In the early morning hours of July 8, Robert Kozminski, a 28-year-old police officer for the City of Grand Rapids, was killed from a shotgun blast to the head. (Story, Grand Rapids Press).
I knew the man, vaguely. His older brother, Andy, was in my class through the 8th grade, and his father was the coach of my junior-high basketball team. Bobby was one year behind us at St. Anthony School, but except for occasional smiles at church, I lost track of the Kozminski family when they went to Kenowa Hills for high school and I moved on to West Catholic.
The funeral was held at our parish church, St. Anthony of Padua. I was humbled to be asked to participate, as an extraordinary minister of Holy Communion for the funeral Mass.
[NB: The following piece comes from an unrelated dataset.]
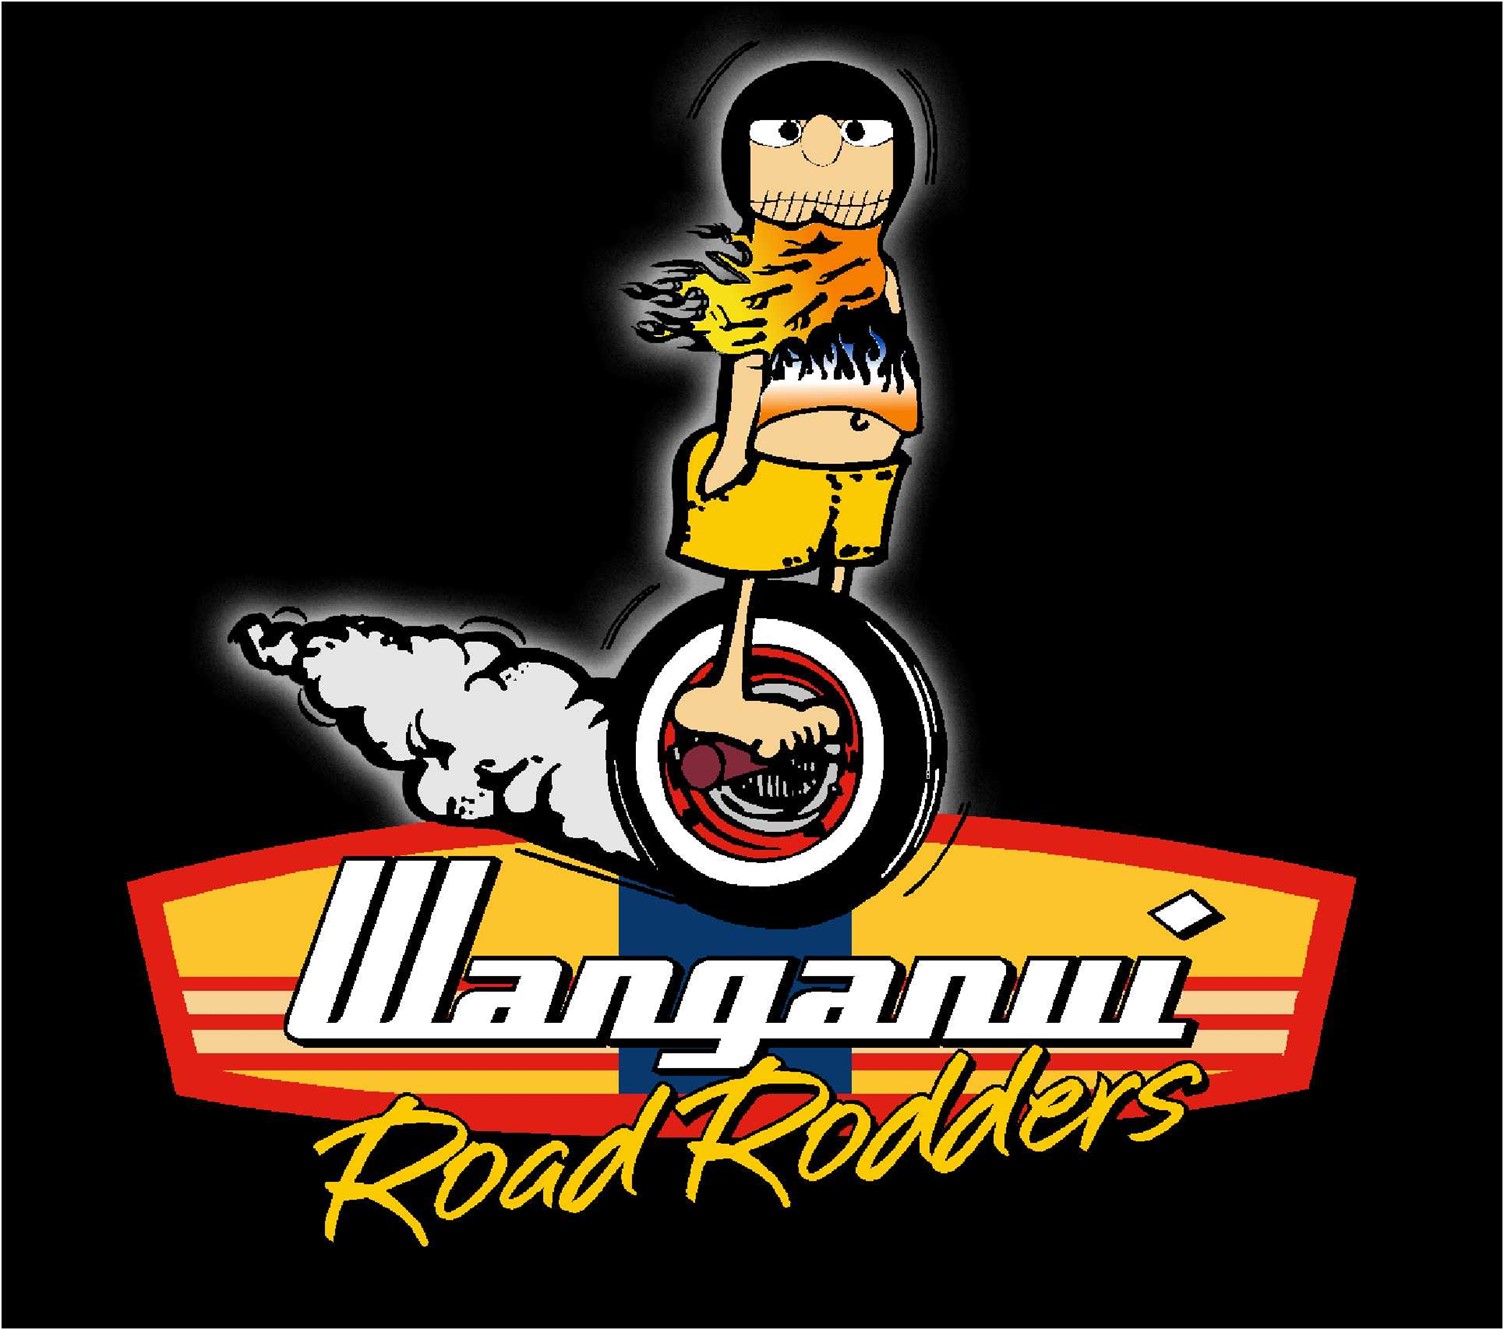 Wanganui Road Rodders - 1/8 Mile Street Drags

Officer Kozminski’s viewing was held in the nave of the church, for the three days prior to the funeral. The sanctuary was filled with flowers, and GRPD officers in dress uniforms were a fixture at the church for a week.
The funeral itself was a spectacle. The formal honor guard escorting the casket and the family; the 75-minute “salute” of the visiting officers; the heartfelt words from a fellow officer, the mayor, and the chief of police; the presence of VIPs including the Grand Rapids city commission, at least one state senator, and Dick DeVos; the funeral Mass with three priests and two deacons, celebrated in the presence of the bishop — all of these things contributed to an air of solemnity that was marked, more than anything, by appropriateness.
It’s easy to take a tragic event like the shooting of a police officer and turn it into a sappy melodrama filled with crude hyperbole and staged emotion. This funeral was different; it was solemn and dignified — spectacle, in the most honorable sense of the term.
My heartfelt prayers go out for Officer Kozminski, his family, and his colleagues in law enforcement. He was a good man, taken too soon. May he rest in peace.